Em 2002, o pemedebista, então senador, rompeu com o governo Fernando Henrique Cardoso e anunciou apoio à candidatura de Lula ao Planalto. Com isso, acredita-se que tenha contribuído para minimizar resistências de ruralistas e evangélicos ao petista. Atualmente, Iris tem se empenhado na aliança entre os partidos da base do presidente em 2010. Em cerca de nove horas de passagem por Goiás, Lula lançou Meirelles, tratou Iris com indiferença, ignorou Otoni e colocou em risco o acordo dos aliados.
Na própria quinta-feira, assim que Lula embarcou de volta a Brasília, petistas e pemedebistas não escondiam o mal-estar. Nos dias seguintes, Iris e aliados negaram-se a comentar a visita. Os bombeiros saíram a campo imediatamente. Da prefeitura, os petistas Paulo Garcia, vice-prefeito, e Osmar Magalhães, assessor especial de Iris, telefonaram para o gabinete de Lula no Centro Cultural Banco do Brasil (CCBB), sede do governo enquanto o Palácio do Planalto está em reforma.
Até o governador Alcides Rodrigues (PP) telefonou para deputados estaduais do PMDB, preocupado com a dimensão da revolta. Ex-aliado do tucano Perillo, Alcides luta para levar Meirelles para o PP, mas quer os aliados unidos em torno da candidatura. O presidente nacional licenciado do PMDB, deputado federal Michel Temer (SP), foi acionado. Soube que a desfeita a Iris poderia ameaçar a aliança com o PT.
A mulher do prefeito, a deputada federal Iris de Araújo, vice-presidente nacional do PMDB, está no exercício da presidência do partido, durante a licença de Temer (eleito presidente da Câmara dos Deputados).

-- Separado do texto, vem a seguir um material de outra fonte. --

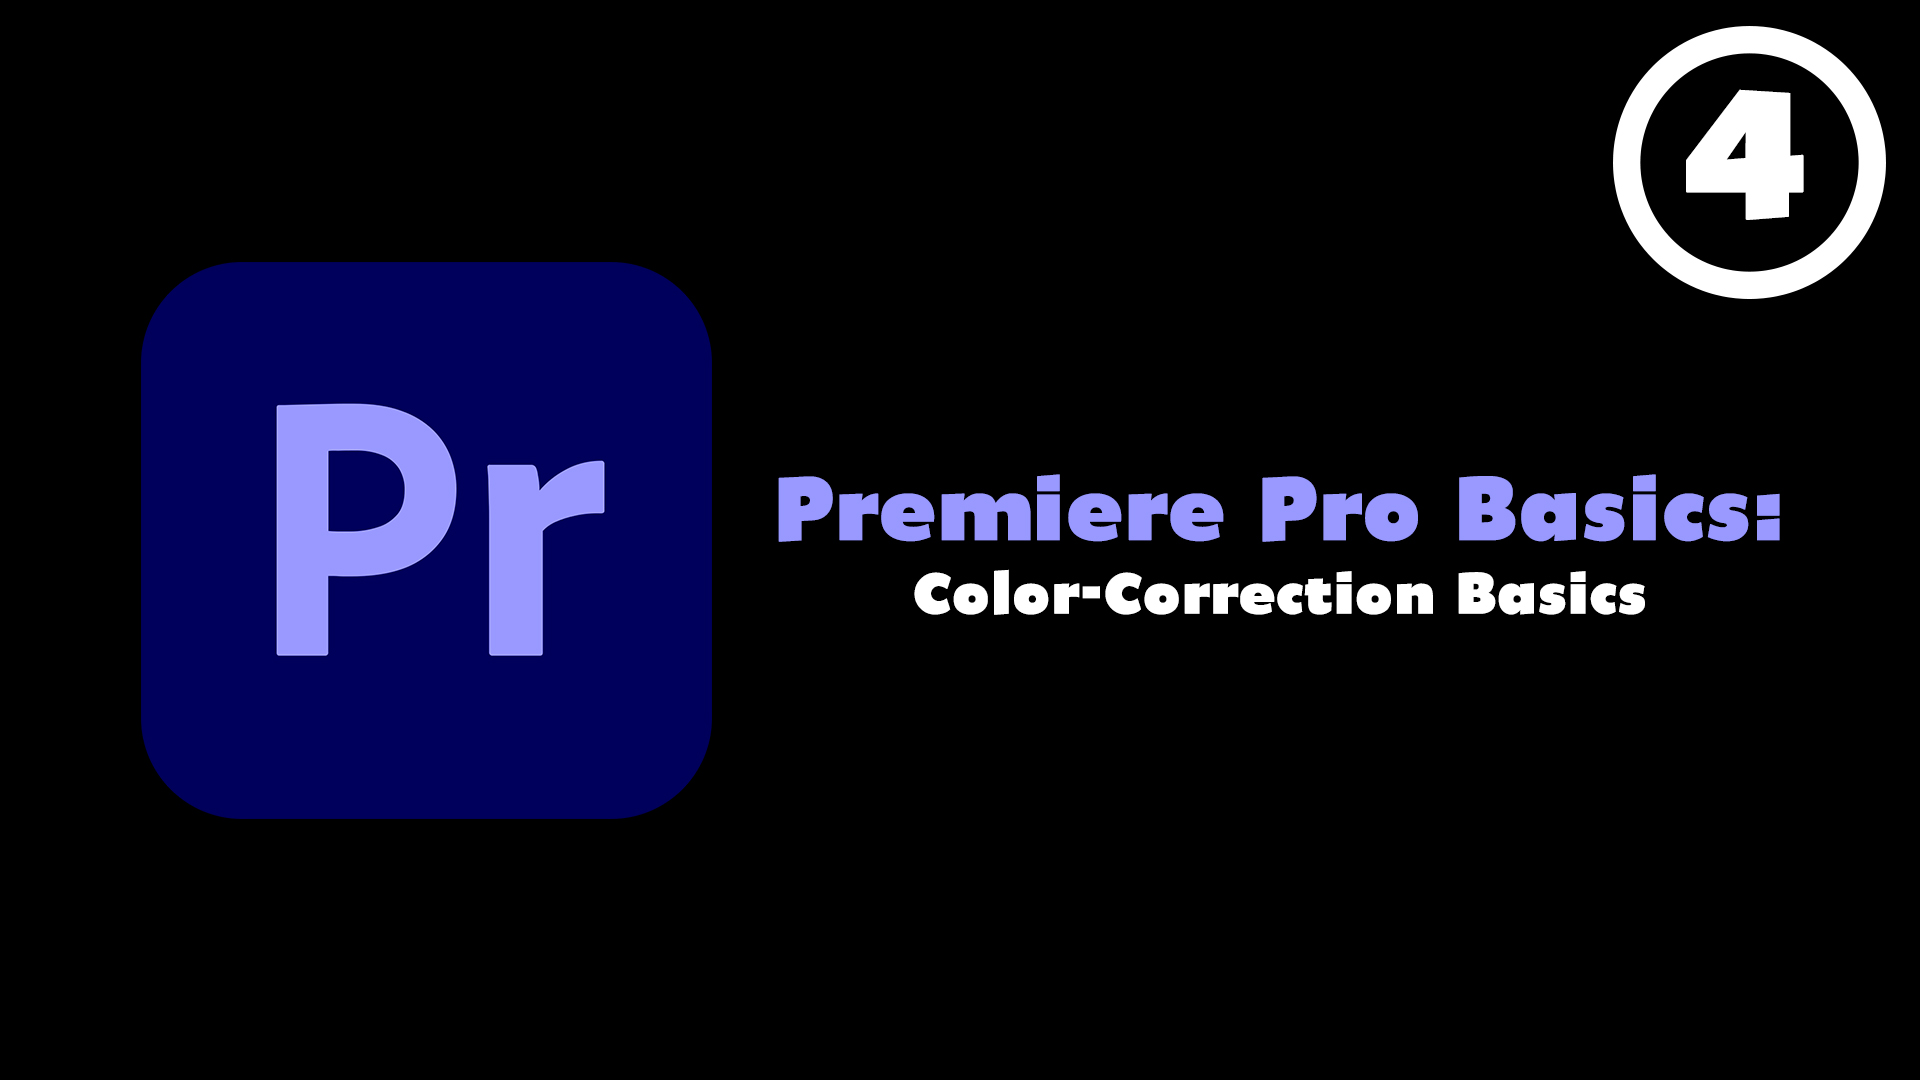 Premiere Pro Basics Course (Episode 4) - Color-Correction Basics

Ao contrário do marido, que sempre manifestou apoio à ministra Dilma Rousseff (Casa Civil), a deputada é da ala que prega candidatura própria do PMDB a presidente da República.
Alertado sobre a repercussão negativa da visita, Lula telefonou ao prefeito na sexta-feira para tentar desfazer o mal-estar. Disse que a imprensa exagerou na interpretação de sua fala e que sua intenção não era manifestar preferência por Meirelles. Para tentar consertar o estrago, convidou o prefeito para um encontro hoje, às 15h, em Brasília. Aliados de Iris esperam um gesto público de apreço.
O episódio era comentado ontem em uma roda de aliados do presidente. Tentavam entender qual seria a "grande estratégia" por trás do comportamento de Lula, já que não queriam acreditar em simples falta de habilidade política. Afinal, se o presidente quase provoca uma crise entre aliados no que pode ser considerada uma prévia da campanha eleitoral de 2010, teme-se pelo que pode vir por aí. Especialmente em torno de uma candidatura - Dilma - que, aos poucos, parece perder forças.
Raquel Ulhôa é repórter de Política em Brasília.